WORK TO COMPLETE → Return the whole listing unchanged. Drop the images.

SOURCE MATERIAL →
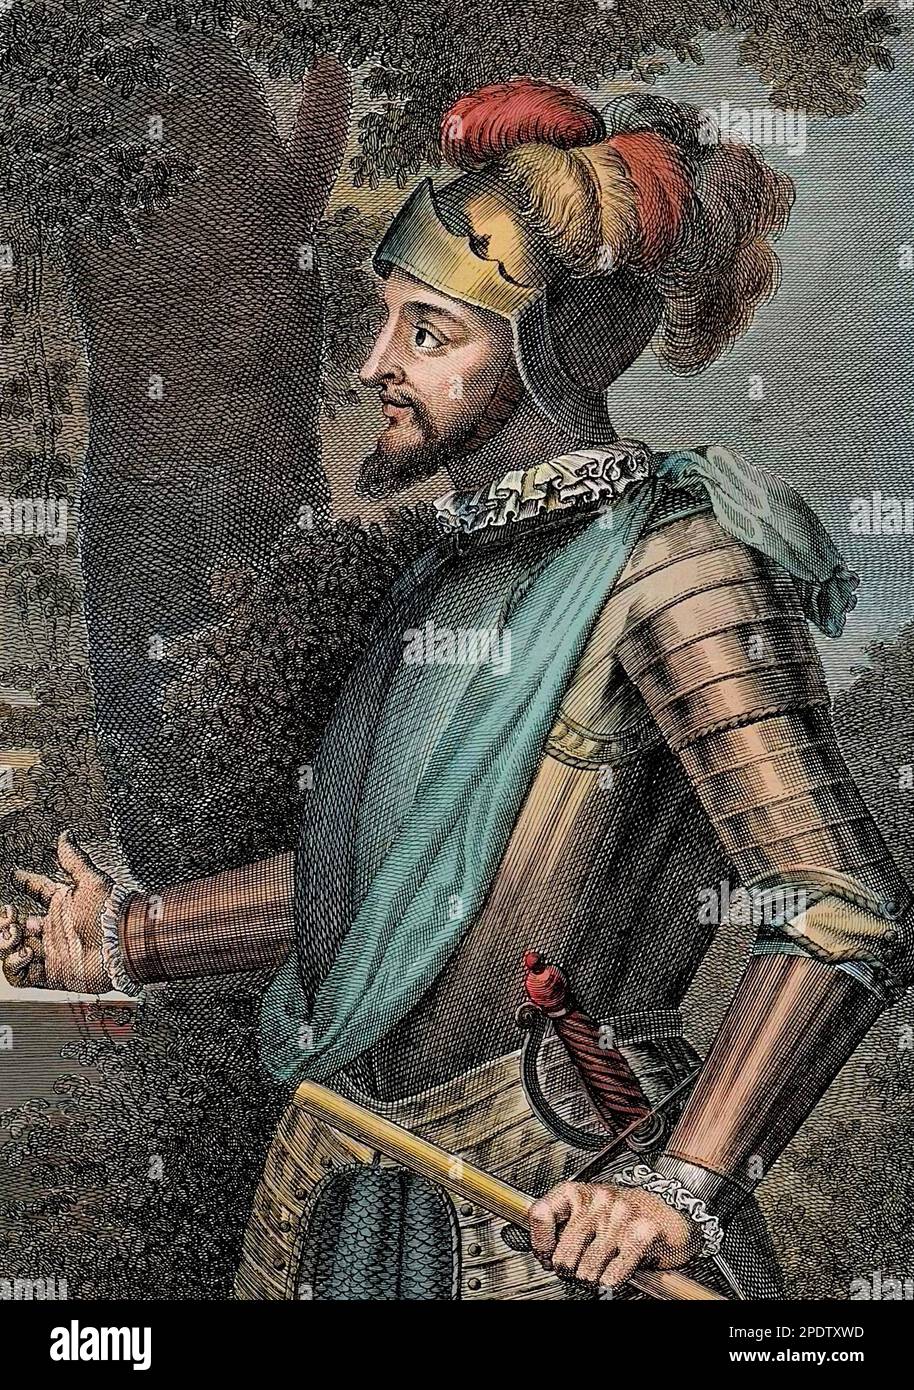 Vasco Nunez de Balboa Spanish explorer, governor, and conquistador - Portrait de Vasco Nunez de Balboa, conquistador espagnol (1475-1517) - Gravure 19eme siecle Stock Photo
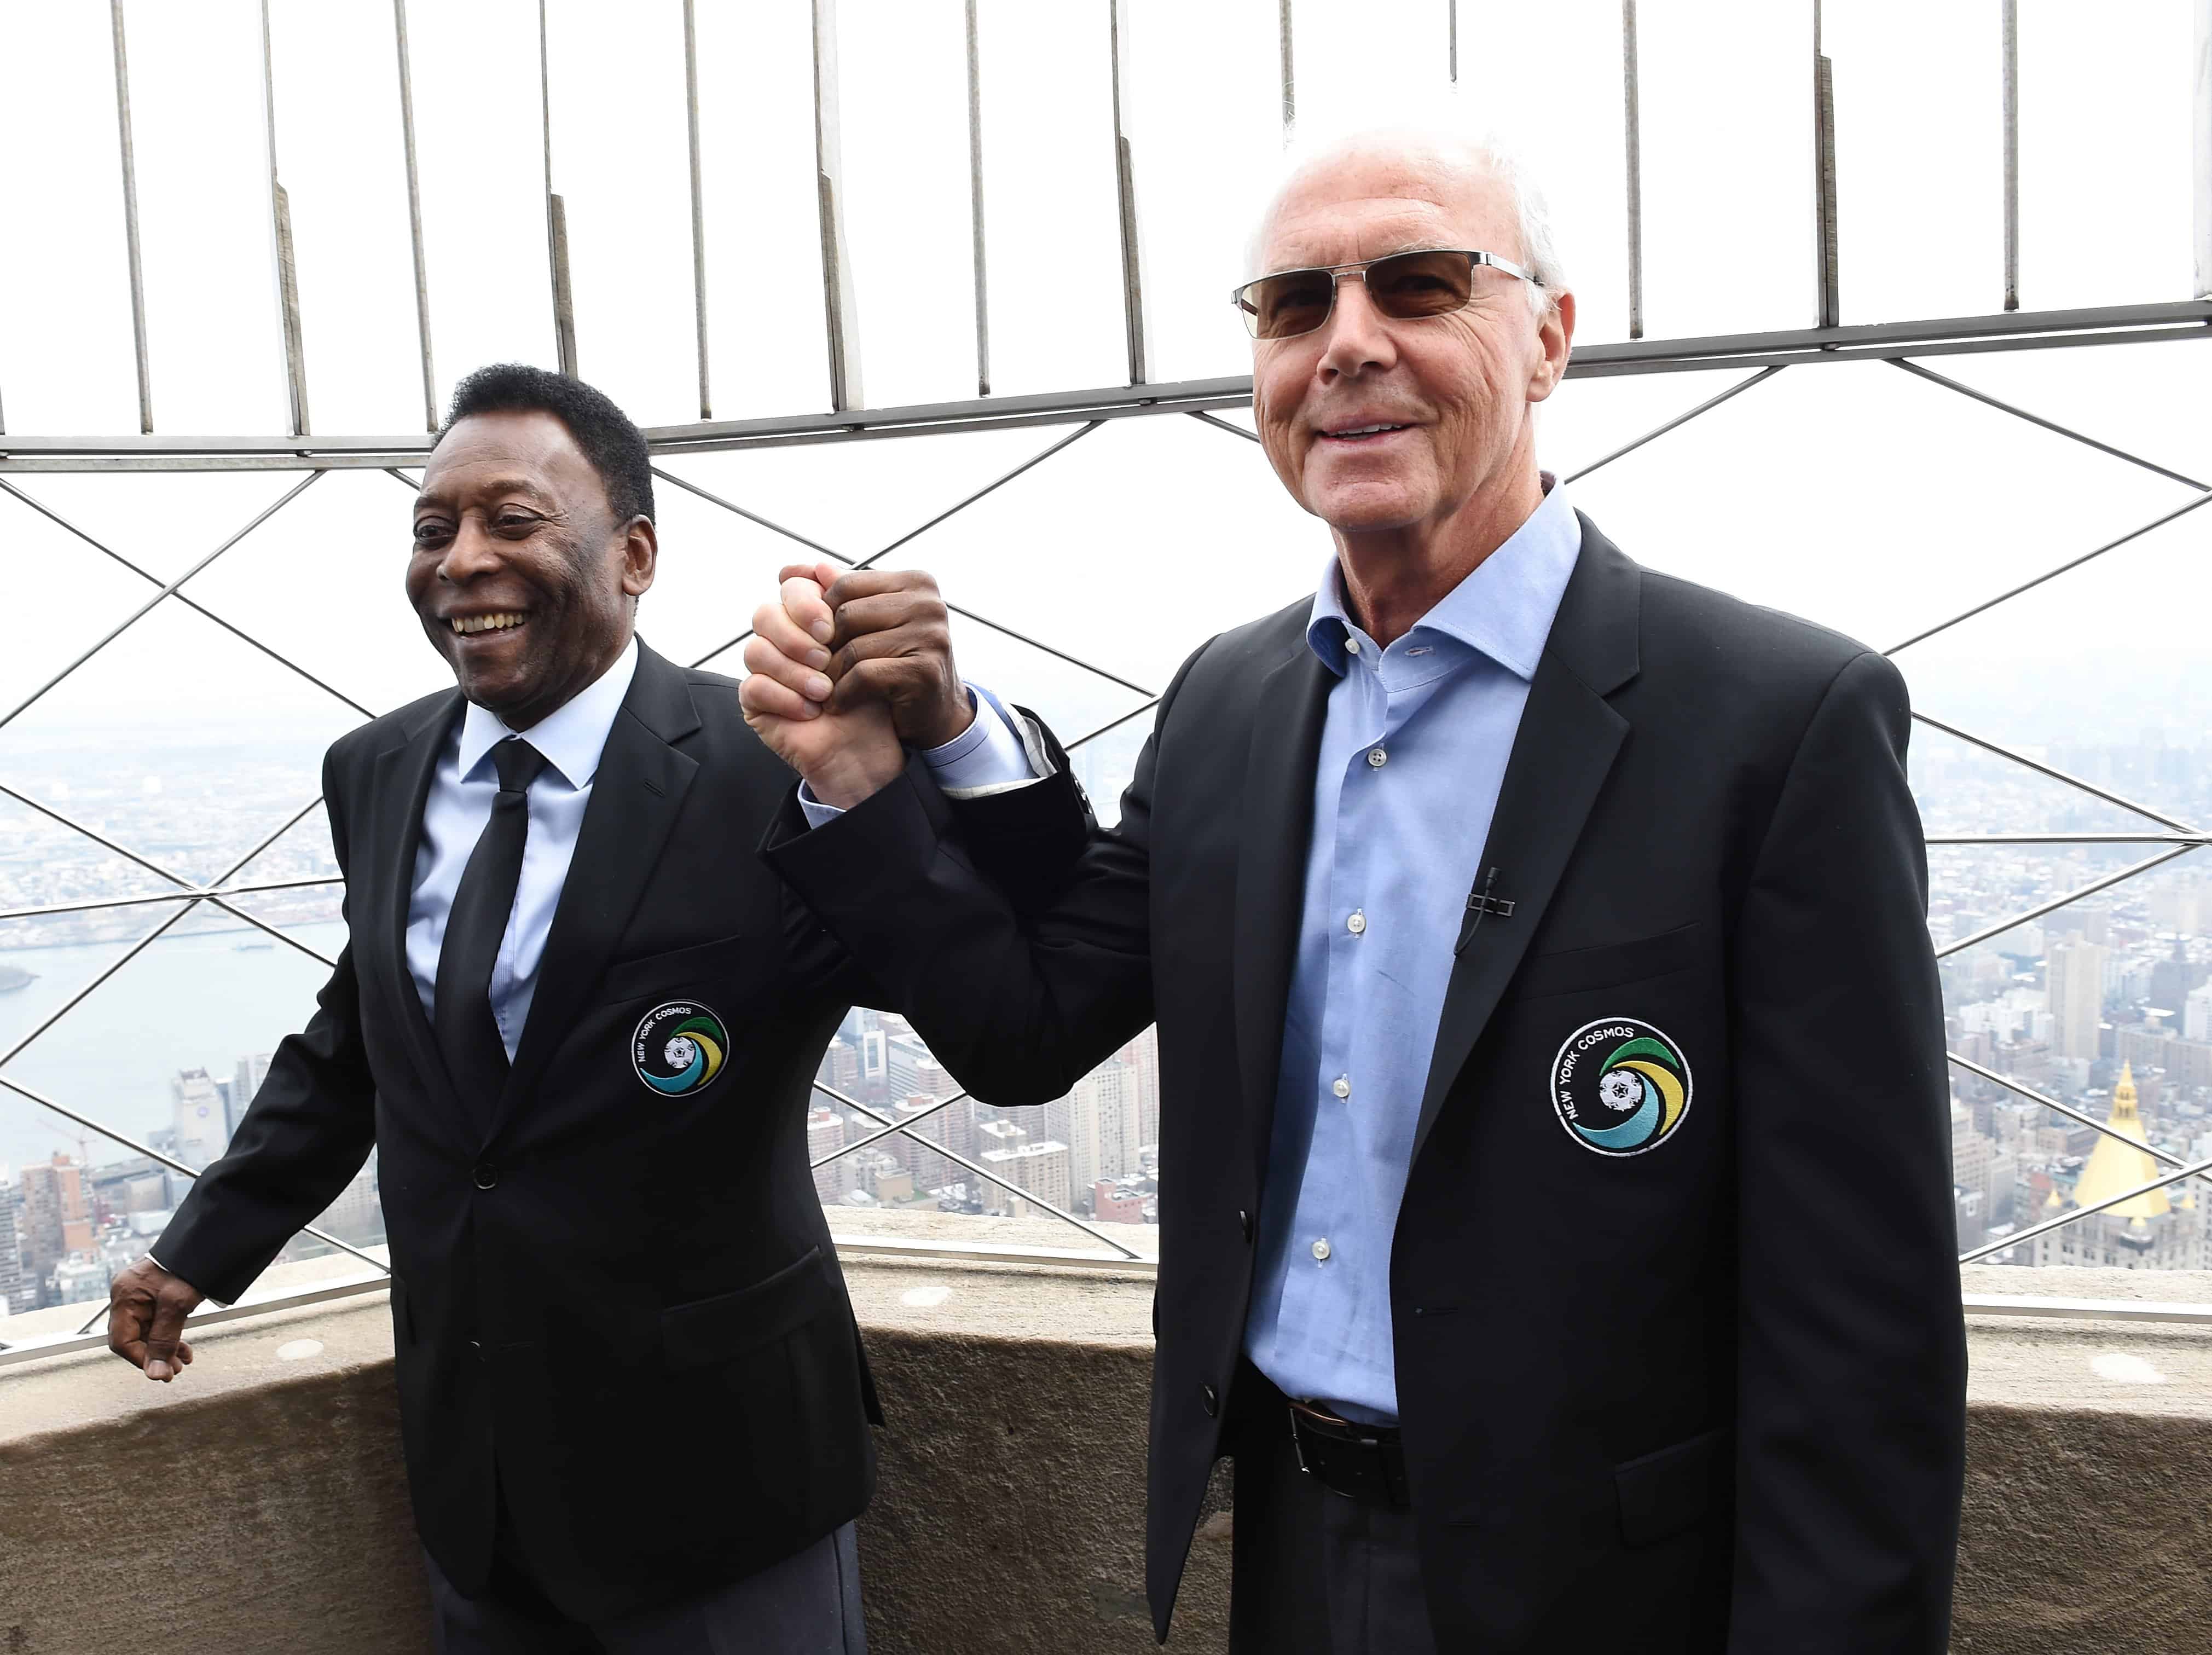 Las leyendas del New York Cosmos, Pelé y Franz Beckenbauer, después de pulsar el interruptor en el Empire State Building el 17 de abril de 2015 para lanzar el inicio de la temporada de primavera 2015 de los equipos. El primer partido de los equipos en casa se llevará a cabo contra los Tampa Bay Rowdies.
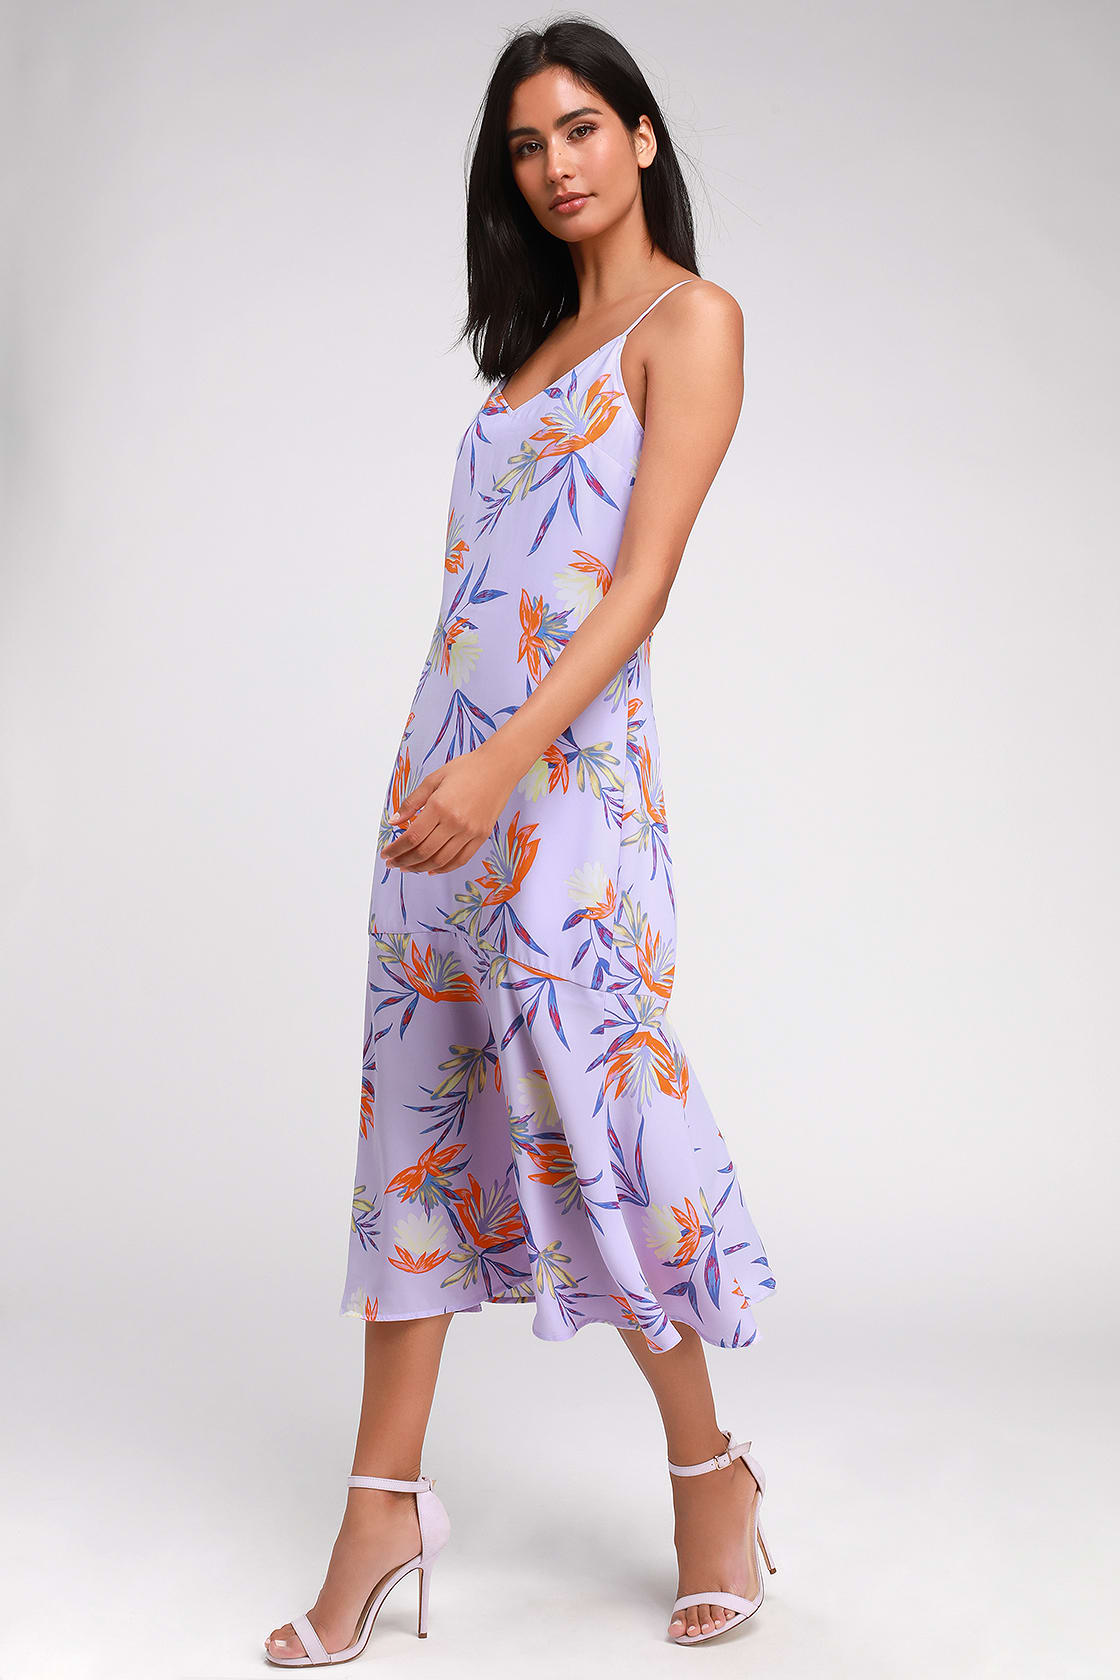 Cute Midi Dress - Floral Print Midi Dress - Trumpet Hem Dress - Lulus

YOUR SOLUTION →
 Vasco Nunez de Balboa Spanish explorer, governor, and conquistador - Portrait de Vasco Nunez de Balboa, conquistador espagnol (1475-1517) - Gravure 19eme siecle Stock Photo
 Las leyendas del New York Cosmos, Pelé y Franz Beckenbauer, después de pulsar el interruptor en el Empire State Building el 17 de abril de 2015 para lanzar el inicio de la temporada de primavera 2015 de los equipos. El primer partido de los equipos en casa se llevará a cabo contra los Tampa Bay Rowdies.
 Cute Midi Dress - Floral Print Midi Dress - Trumpet Hem Dress - Lulus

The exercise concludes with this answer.